How to build supervised AI models when there is no annotated data

by admin · November 3, 2025

One of the biggest challenges in real-world machine learning is that supervised models require labeled data, but in many real-world scenarios, the data you start with is almost always unlabeled. Manually annotating thousands of samples is not only slow; It’s expensive, tedious, and often impractical.

This is where active learning becomes a game changer.

Active learning is a subset of machine learning in which the algorithm is not a passive consumer of data, but an active participant. Rather than pre-labeling the entire data set, the model intelligently selects which data points to label next. It interactively queries humans or oracles for labels on the most informative examples, allowing it to learn faster with fewer annotations. Check The complete code is here.

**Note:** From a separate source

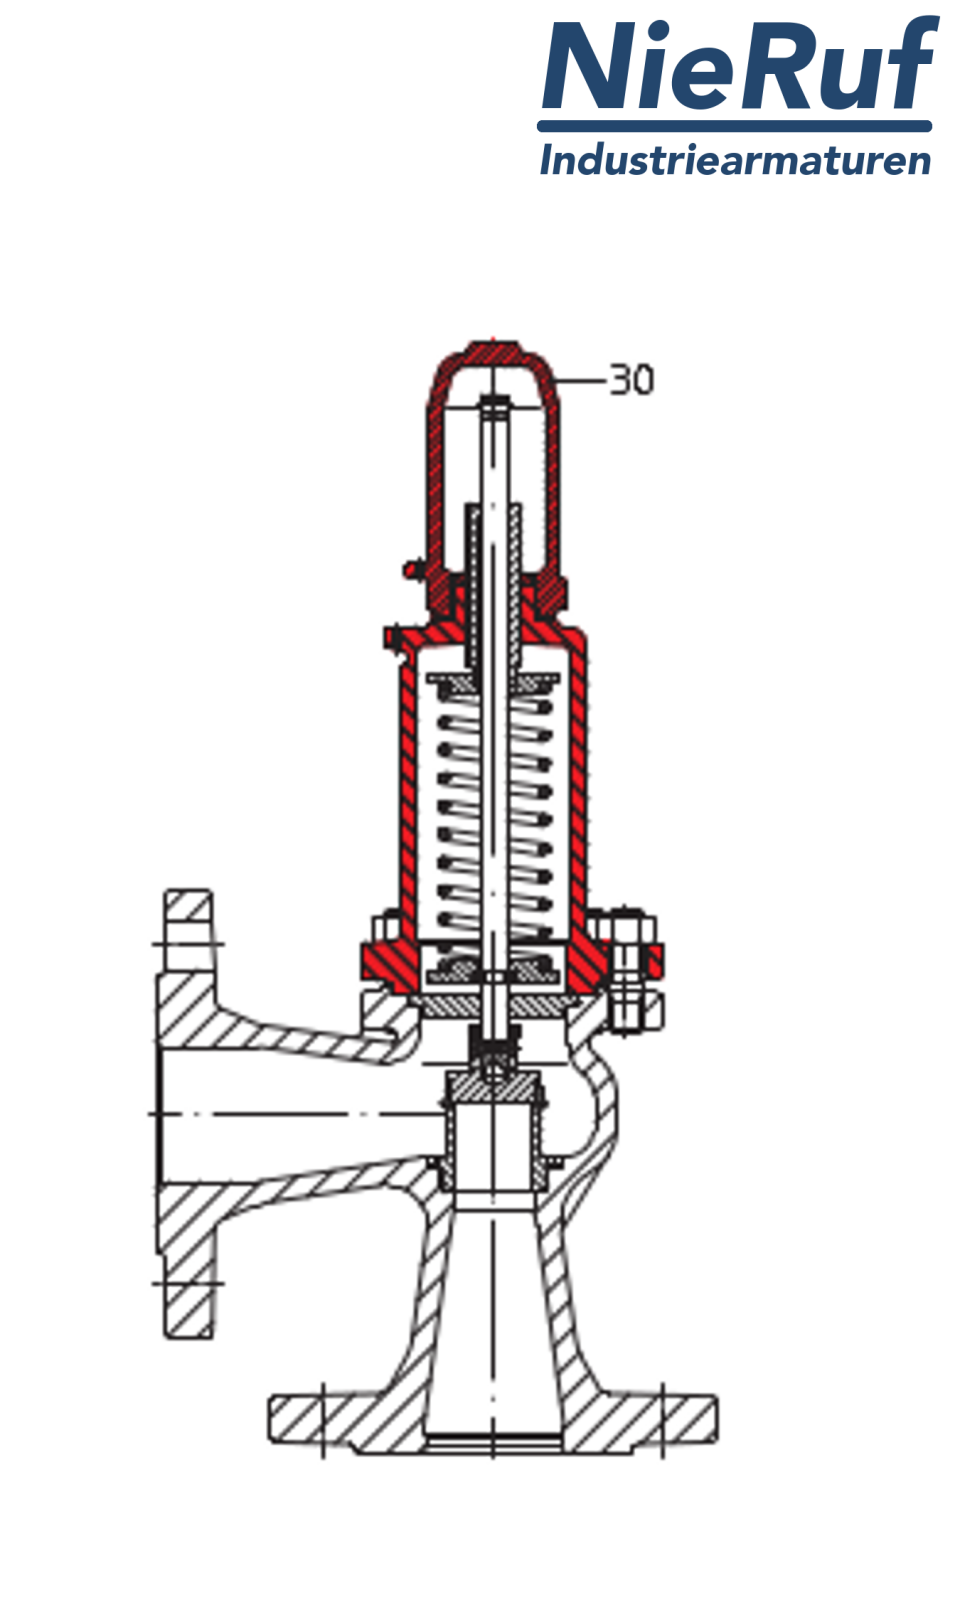 flange-safety valve DN100/DN100 SF0101, cast iron EN-JL1040 FPM, without lever

The workflow typically looks like this:

A small seed portion of the dataset is first labeled to train an initial weak model.
Use this model to generate predictions and confidence scores on unlabeled data.
Compute a confidence measure (e.g., probability gap) for each prediction.
Only the samples with the lowest confidence, i.e. those for which the model is most uncertain, are selected.
These uncertain samples are manually labeled and added to the training set.
Retrain the model and repeat the cycle of Prediction → Rank Confidence → Label → Retrain.
After several iterations, the model can achieve near-fully supervised performance while requiring fewer manually labeled samples.

In this article, we walk through how to apply this strategy and show how active learning can help you build high-quality supervised models with minimal labeling effort. Check The complete code is here.

Install and import libraries

pip install numpy pandas scikit-learn matplotlib


import numpy as np
import matplotlib.pyplot as plt
from sklearn.datasets import make_classification
from sklearn.linear_model import LogisticRegression
from sklearn.model_selection import train_test_split
from sklearn.metrics import accuracy_score

In this tutorial we will use the make_classification dataset from the sklearn library

SEED = 42 # For reproducibility
N_SAMPLES = 1000 # Total number of data points
INITIAL_LABELED_PERCENTAGE = 0.10 # Your constraint: Start with 10% labeled data
NUM_QUERIES = 20 # Number of times we ask the "human" to label a confusing sample

NUM_QUERIES = 20 represents the annotation budget in an active learning setting. In a real-world workflow, this means the model selects the 20 most puzzling samples and sends them to human annotators for labeling—each annotation costs time and money. In our simulations, we replicate this process automatically: during each iteration, the model selects an uncertain sample, the code immediately retrieves its true label (acting as a human oracle), and retrains the model using this new information.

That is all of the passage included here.